Domaines clés d’incertitude
En dépit de la richesse des informations sur l’écologie, l’épidémiologie et la pathologie de la maladie, une forte probabilité de grandes épidémies urbaines dans des populations non vaccinées demeure dans les zones où le vecteur Aedes aegypti est présent.
Des effets indésirables (viscérotropes ou neurotropes) consécutifs à la vaccination contre le YF ont été rapportés principalement dans les groupes d’âge plus élevés et chez les personnes immunodéprimées. Ces cas devraient faire l’objet d’une enquête plus approfondie pour recueillir et vérifier les preuves de l’association entre le vaccin et la maladie clinique afin d’appuyer la prise de décision concernant la vaccination contre la FJ.
Crosby M. The American plague : the untold story of yellow fever, the epidemic that shaped our history. Berkley, Californie : Berkley Publishing Group ; 2007.
Monath TP. La fièvre jaune : Victor, Victoria ? Conquérant, conquérant ? Épidémies et recherches au cours des quarante dernières années et perspectives d’avenir. Am J Trop Med Hyg 1991;45(1):1-43.
Monath TP. Traitement de la fièvre jaune.

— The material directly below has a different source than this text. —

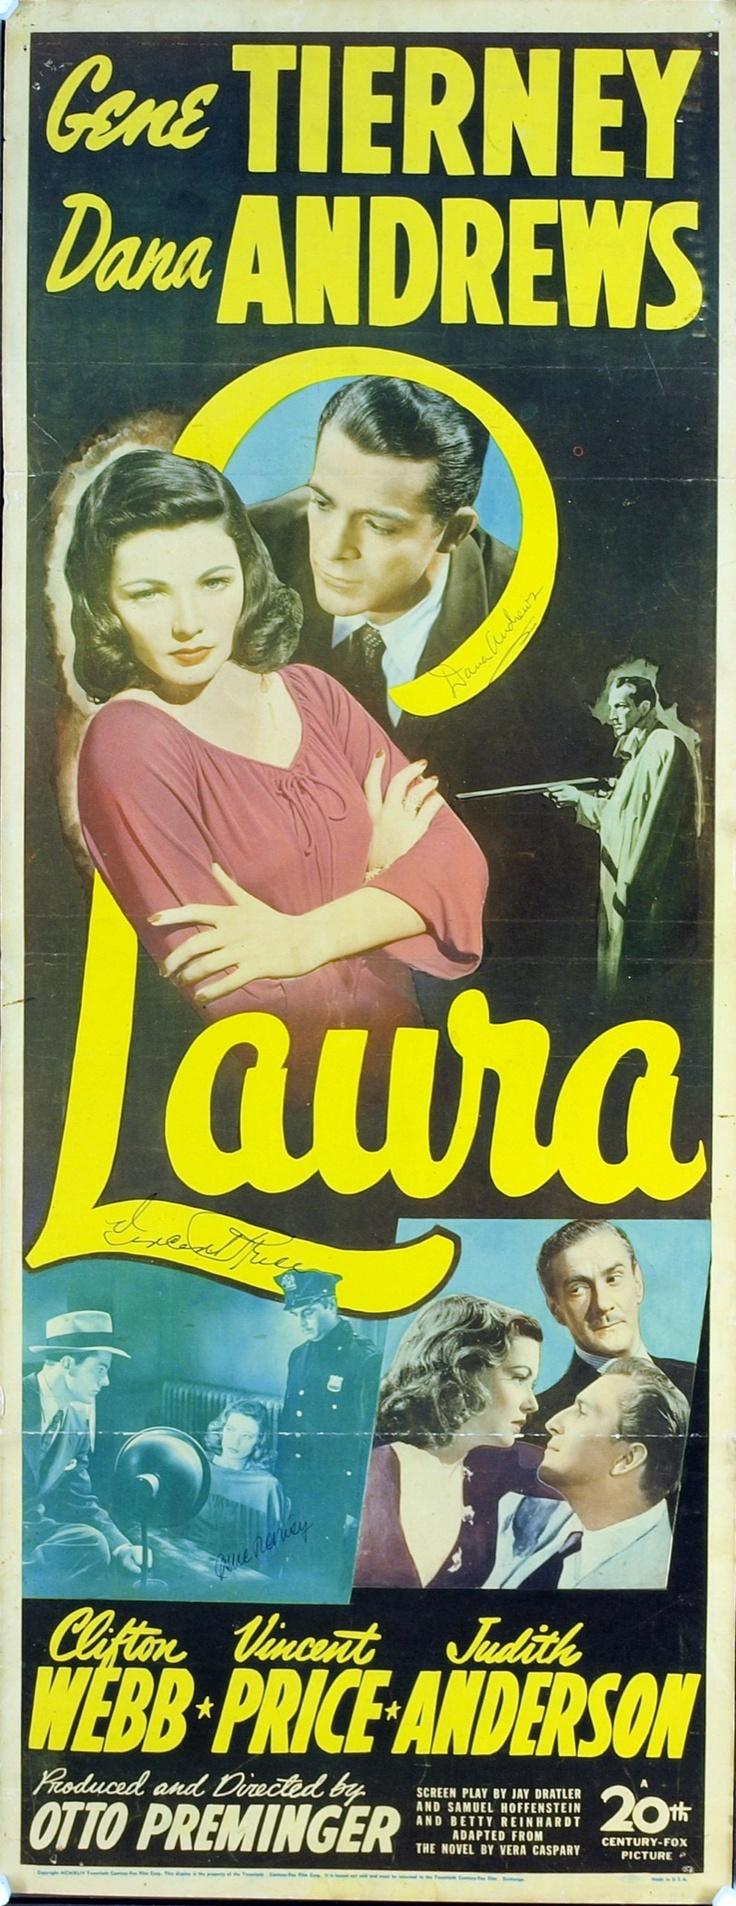 Laura -1944 http://www.tcm.com/tcmdb/title/81004/Laura/

Antiviral Res 2008;78(1):116-24.
Reiter P. Changement climatique et maladies transmises par les moustiques. Environ Health Perspect 2001;109 Suppl 1:141-61.
Reiter P, Nathan M. Lignes directrices pour l’évaluation de l’efficacité des pulvérisations spatiales d’insecticides pour la lutte contre le vecteur de la dengue, Aedes aegypti. Genève : Organisation mondiale de la santé ; 2001.